Среди прочих следует запомнить и отметить особо – дворничиху Валентину Жукову с сыном. Валентина была крупная женщина с широким лицом и широкой покатой спиной. Ходила неуклюже носками внутрь, руки держала на весу, выставив их немного вперед, как будто собралась с кем-то бороться. При такой, казалось бы, очевидной несоблазнительности ее облика в молодости она пользовалась большим успехом у мужчин, из которых выбрала себе в мужья Серегу Жукова, гармониста, балагура и баламута. Серега в самом начале войны, не дожидаясь призыва, ушел добровольцем на фронт. Валентина часть военного времени провела в Аглаином партизанском отряде, где отличалась необыкновенной силой и храбростью. Однажды в рукопашном бою она двух немцев сначала кулаком свалила в нокаут, а потом связала вместе и притащила в отряд в качестве пленных. После войны Валентина некоторое время была у секретаря райкома Аглаи Ревкиной шофером. А потом ради комнаты в полуподвале перешла в дворники. Мужа у нее уже не было. Серега с войны не вернулся и был зачислен в пропавшие без вести. Поскольку не было никаких доказательств, что он не сдался врагу живым, здоровым и с оружием в руках, пропавший считался предателем, а Валентина – женой предателя. Поэтому не только пенсии за мужа не получала, но и партизанской медали за собственные заслуги не удостоилась. Одна, как могла, растила сына. По старому знакомству Аглая иногда нанимала Валентину убрать в квартире, постирать белье, сбегать в магазин, что дворничиха и делала за небольшую плату. Сына Валентины, между прочим, звали Георгий Жуков, точно так же, как знаменитого маршала. Этот Георгий Жуков (или попросту Жора) тоже служил в армии, но до маршала не дослужился. Дослужился только до звания младший сержант. По упущению начальства он, несмотря на провинившегося перед родиной отца, служил танкистом в Венгрии, откуда привез аккордеон, на котором по воскресеньям играл вальсы «Дунайские волны», «На сопках Маньчжурии» и танго про утомленное солнце. Играл сперва во дворе, а потом был приглашаем на свадьбы и юбилеи.
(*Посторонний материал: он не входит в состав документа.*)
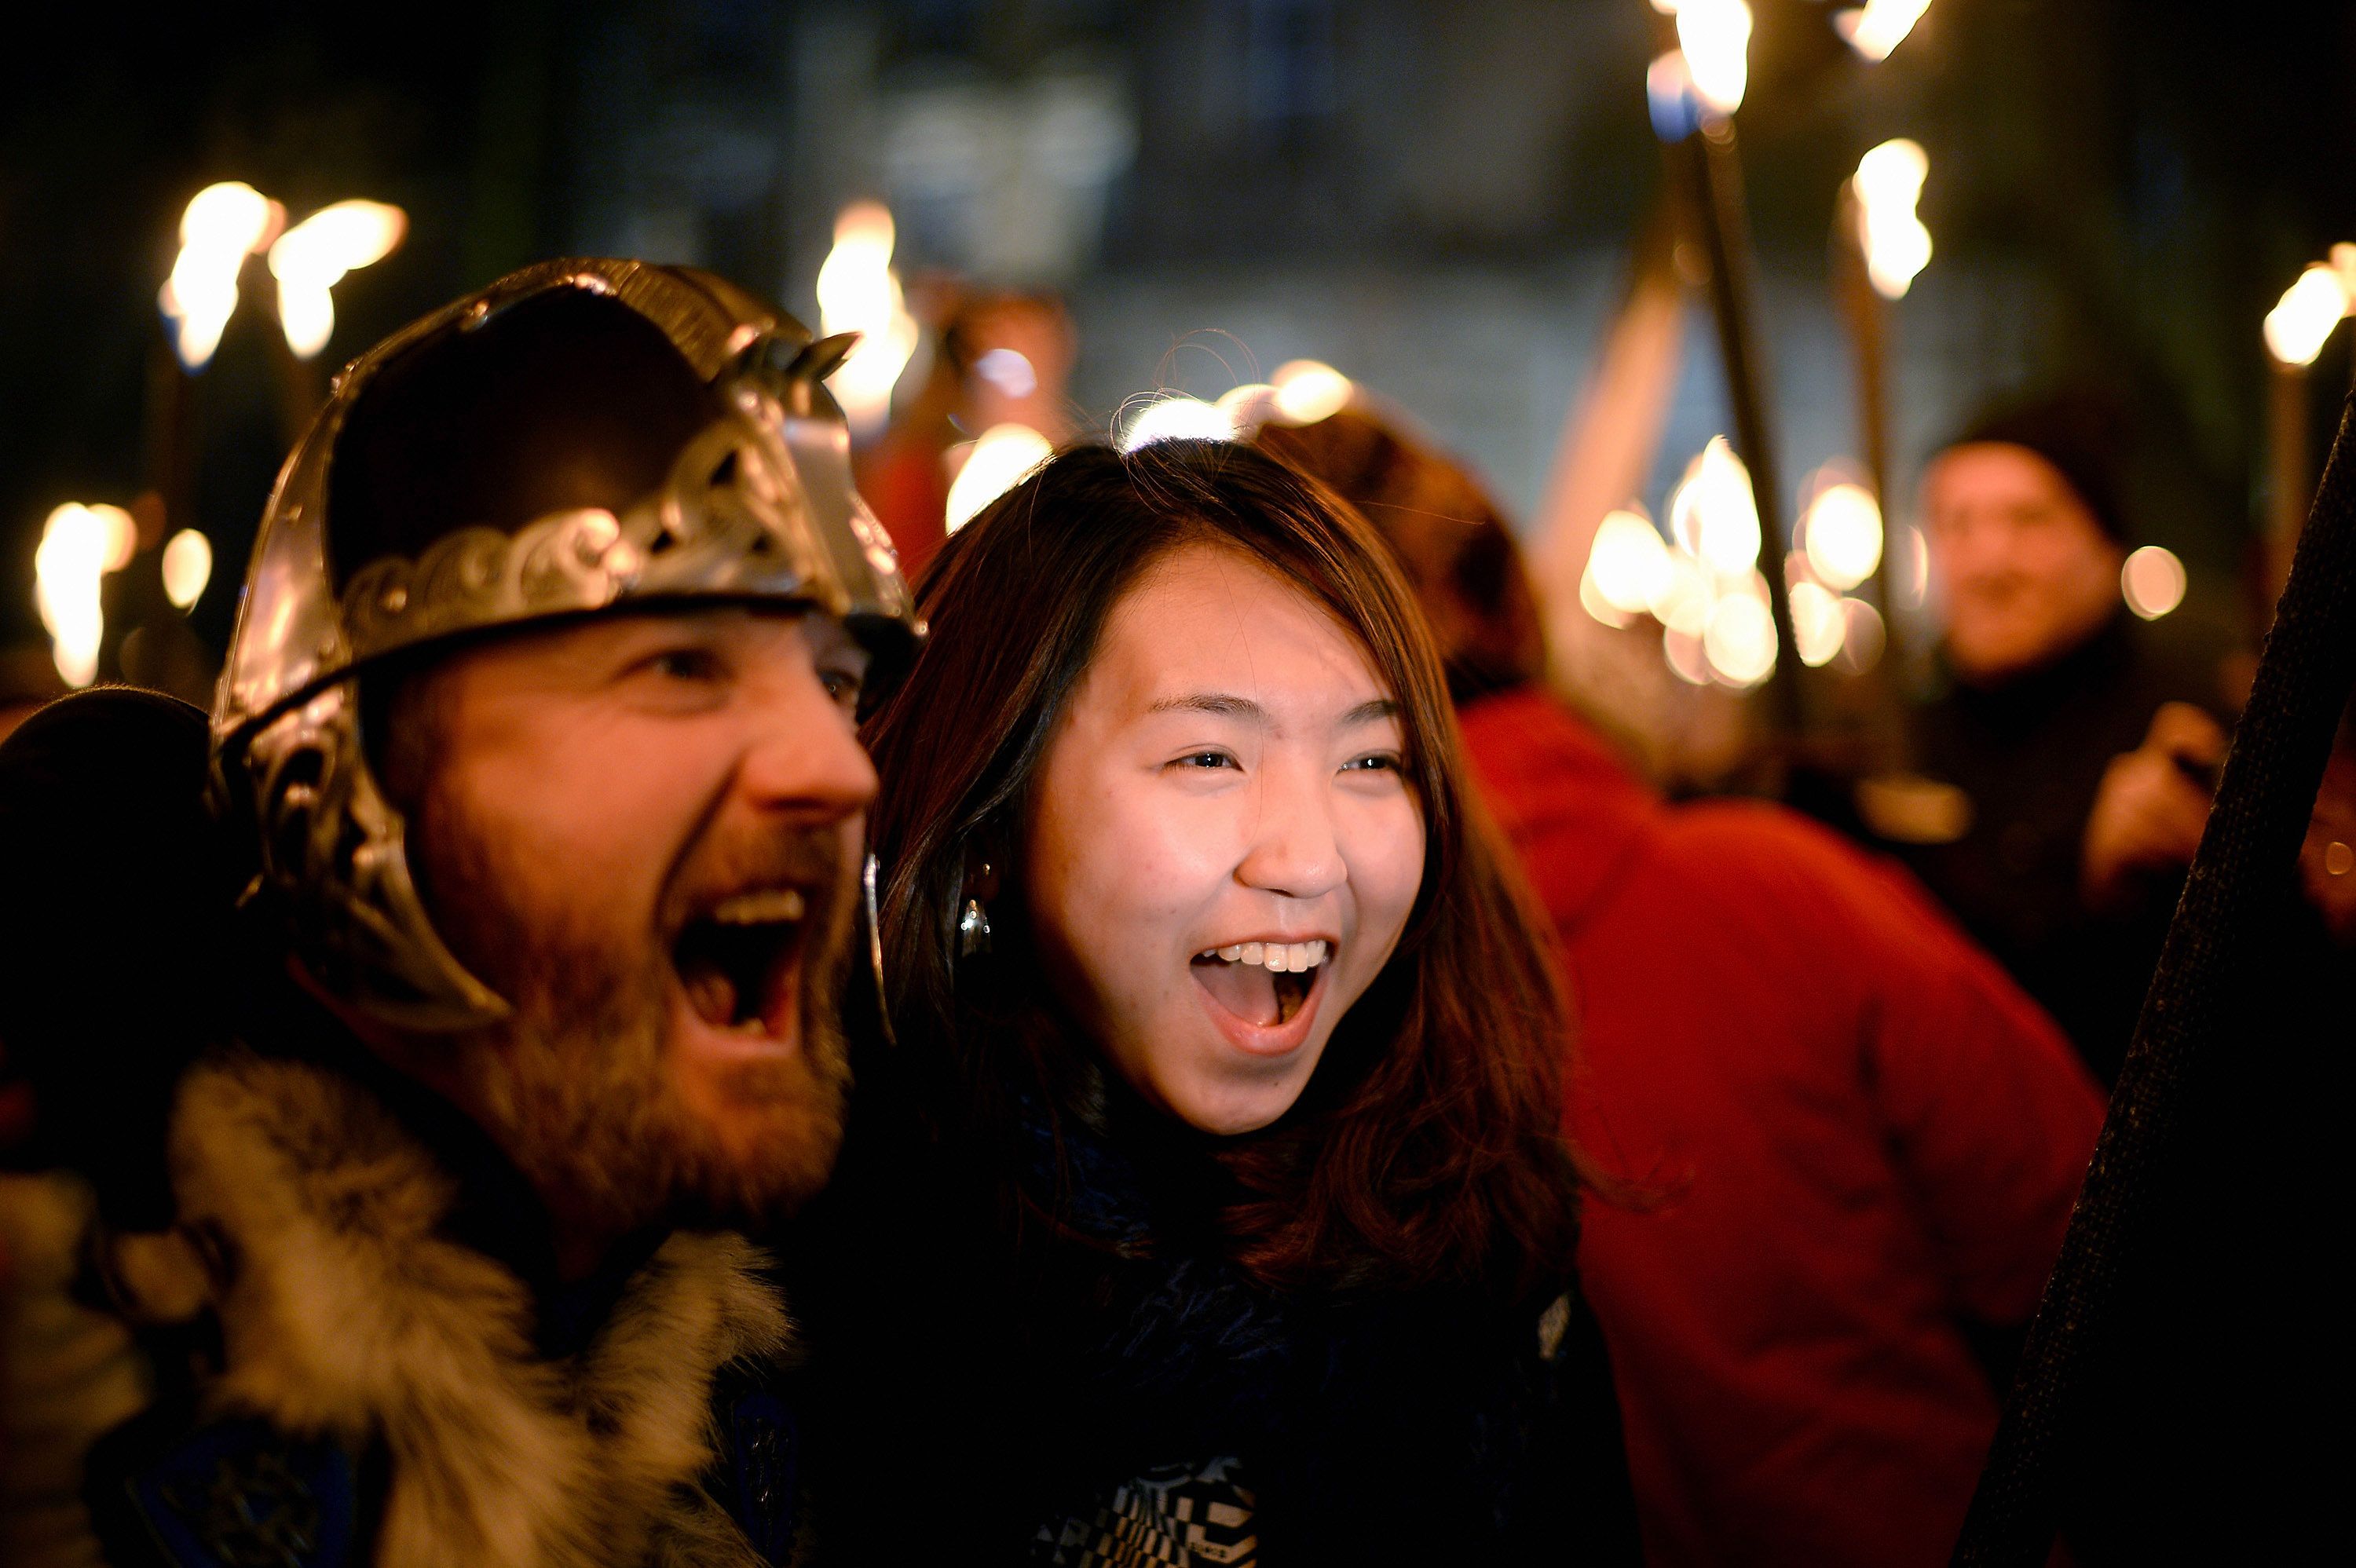 Viking and Lady Friend on New Year's Eve

Само собой, между жильцами временами проистекали скандалы по поводу разбитого окна, шума после двадцати трех часов, очереди в уборную, мытья полов и уборки мусора. Но Аглаи это не касалось, она жила отдельно, уборную и кухню имела свою, в споры ни с кем не вступала. Соседи ее побаивались, кроме, может быть, Шурочки-дурочки. Она (так считалось) обладала даром предвидения. Обладала или нет, но пророчить пыталась и, встречая Аглаю, каждый раз предрекала гнусавым голосом, что вспыхнет огонь, полетят железные птицы, поскачут железные кони, задрожит земля и мертвый упадет на живого.